Thanks to ThinkGeek (http://www.thinkgeek.com/) and its corporate overlords at Geeknet (http://www.geek.net/), for footing the bill while I write code for them!

Thanks to Jacob Rose <jacob at thinkgeek.com>, who wrote the first queueing module at ThinkGeek http://www.thinkgeek.com and whose work provided the inspiration to write this full-fledged queueing system.

Thanks to Jamie McCarthy for the locking mechanism improvements in version 1.1.0.

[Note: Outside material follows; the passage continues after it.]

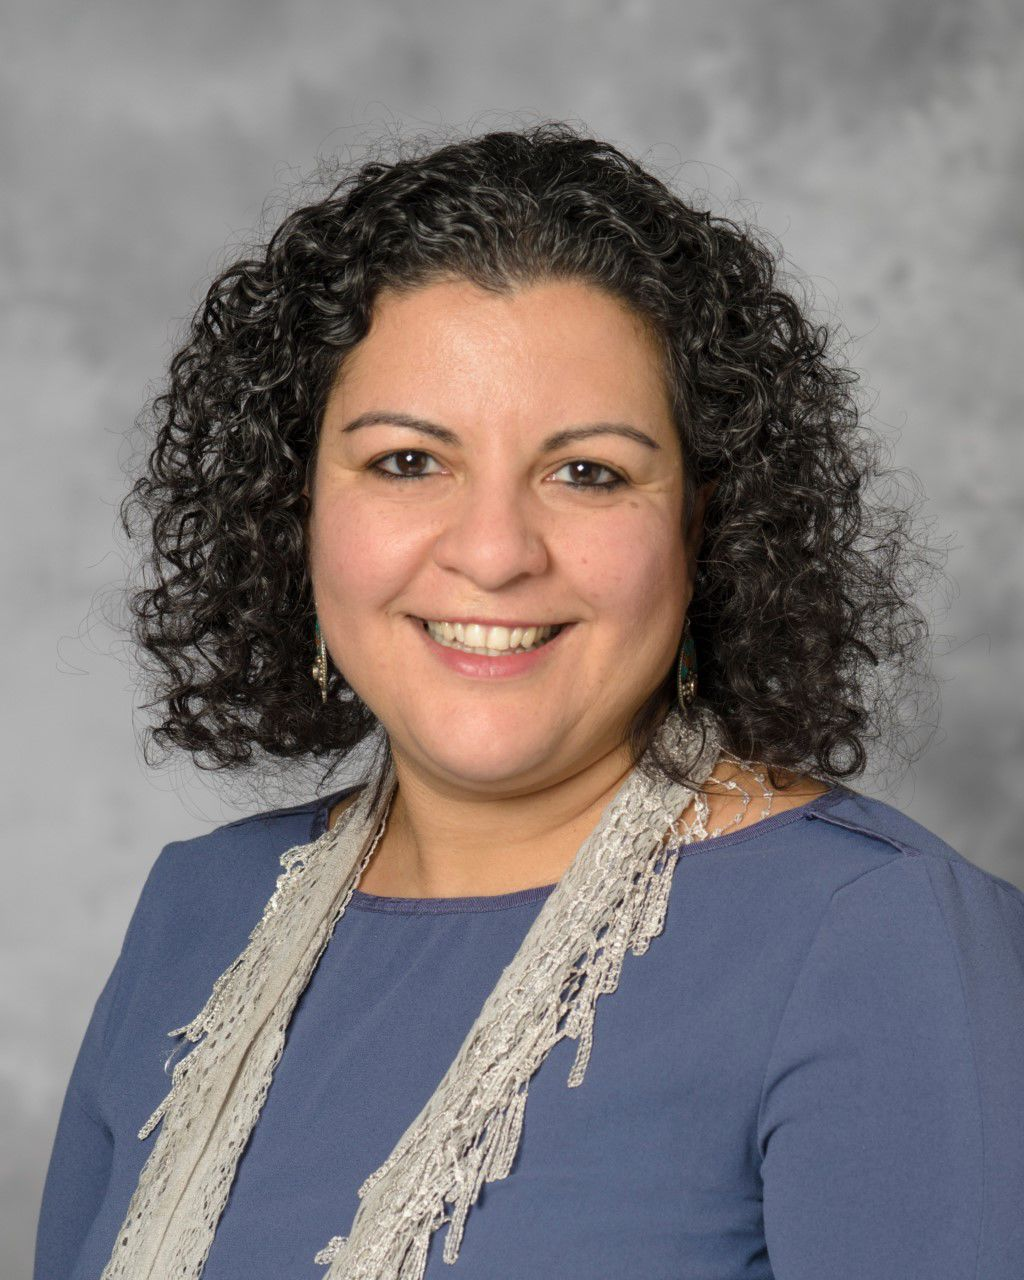 Dr. Noshene Ranjbar

Thanks to Sergey Bond for suggesting many features added in version 1.8.x (lifetime constraint, purge() function, get/set functions cleanup).

COPYRIGHT & LICENSE ^

Copyright 2009-2012 Guillaume Aubert.

This program is free software: you can redistribute it and/or modify it under the terms of the GNU General Public License version 3 as published by the Free Software Foundation.

This program is distributed in the hope that it will be useful, but WITHOUT ANY WARRANTY; without even the implied warranty of MERCHANTABILITY or FITNESS FOR A PARTICULAR PURPOSE. See the GNU General Public License for more details.